November 26, 2012

Some area restaurants make effort to use local foods


PLATTSBURGH — Some restaurants in the area opt for locally grown and raised food for their menus because they see any extra effort and cost as an investment that pays off in the long run. 


Matt Ray and his wife, Jess, co-own Livingoods, a downtown Plattsburgh restaurant. Matt Ray has a hard time seeing why they wouldn’t use locally sourced food, especially in harvest season. 

“Philosophically it just makes sense to me. Why buy a product that has to be shipped from far away?” he said. “It’s important for the environment and for the local economy.” 

Although more expensive, the food is a higher quality and lasts a lot longer in the cooler, he said.

He sources food from Quarry Garden Vegetable and Art Farm in Chazy when it’s available. Ray also walks to a vegetable stand near his house when fruits and vegetables are plentiful, but he needs a much larger quantity than the average farmers market customer. 


“That has been my challenge … finding farmers that can meet my demand,” Ray said. “Not just what I need, but when I need it.”

Because of Livingoods’ demand, he searched for years for a local beef supplier that could meet his needs. In August, he found Kilcoyne Farms in Brasher Falls. He pays the difference in price out of pocket and hasn’t changed the burger prices on the menu, although he did raise the price for Burger and Beer Night from $10 to $11.

Customers welcomed the price change because they were glad that Livingoods had made the decision to use local and pasture-raised beef. 

“I made a mention on Facebook,” Ray said. “Customers said they’d gladly pay more.”

However, the food at Livingoods is far from being 100 percent local. During the winter, the Rays receive products from a distributor in Florida. Customers often ask if Livingoods uses food grown locally, but during the winter they can’t expect the tomatoes on their salad to be from here, he said. 

“But when it’s harvest time it would be foolish not to buy from local farmers,” Ray said. “If you’re in this business and you like cooking, how could you not be inclined to use local food?” 


Michelle Kelley, who owns The Pepper, a Mexican restaurant in downtown Plattsburgh, feels the same way. 

“It’s good to support the community,” she said. “And it just tastes better.”

From April until October, Kelley buys some of her produce, mostly various greens, cilantro and other vegetables, from Fledging Crow Vegetables in Keeseville. She was introduced to the idea and to the owners of Fledging Crow by a chef at The Pepper.

Kelley said she and others working at the restaurant advocate for local food, although it is more expensive. 

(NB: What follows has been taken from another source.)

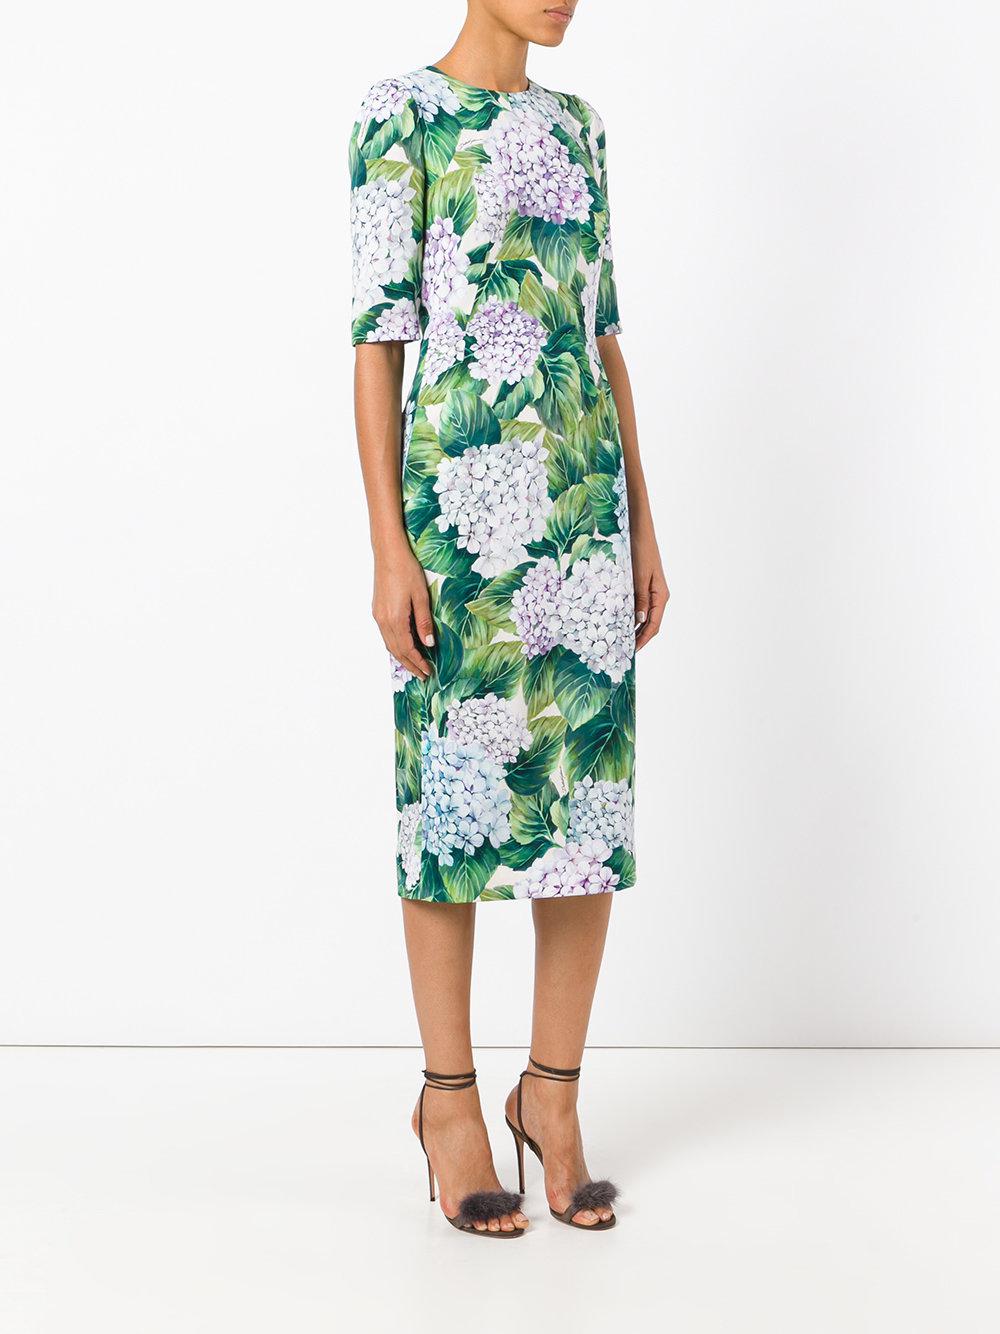 Dolce & Gabbana Silk Hydrangea Print Dress in Green - Lyst

“During the summer, I take the loss, but it’s a much better product,” she said.

Kelley also recently began buying her chorizo sausage, a meat popular in Mexican dishes, from D & D Meats in West Chazy. The price is comparable to what she was paying a non-local supplier, Kelley said. 

She incorporates the local food into the menu and into specials. 

“People definitely notice the difference in the product,” Kelley said.


The Eat ‘n Meet Grill and Larder in Saranac Lake has a different way of doing business. John Vargo, the owner and sole chef of the quaint eatery, focuses on sustainability. He tries to do more with less by reducing operating costs in order to keep fresh and local food affordable for customers. 

Vargo changes his menu daily based on what local food is available. 

“Farmers come in the front door and bring in their stuff,” he said. “The customers can see what they’re getting.” 

Customers can’t miss the products that Vargo uses, as the seating area doubles as the pantry, and the kitchen is visible over the counter. 

“I’ve been using local food since day one. For me, it’s a given,” Vargo said. “The No. 1 reason why I use local stuff is because it’s in season.”

Instead of tomato on a burger in the winter, Vargo said he will use roasted red pepper. In the summer, when he can get cucumbers cheaply, he’ll can them so he doesn’t pay for overpriced pickles come winter. 

“It’s all about the relationship between me, my customers and my suppliers,” Vargo said. 

“It’s a different way of thinking, and it’s serving us well.”